## [TASK BRIEF]
Repeat every line of the data verbatim.

Segment Start: DATASET SECTION

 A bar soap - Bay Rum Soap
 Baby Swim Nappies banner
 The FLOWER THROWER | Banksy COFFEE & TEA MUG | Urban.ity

Segment End: DATASET SECTION

## [ANSWER TO THIS PROBLEM]
 A bar soap - Bay Rum Soap
 Baby Swim Nappies banner
 The FLOWER THROWER | Banksy COFFEE & TEA MUG | Urban.ity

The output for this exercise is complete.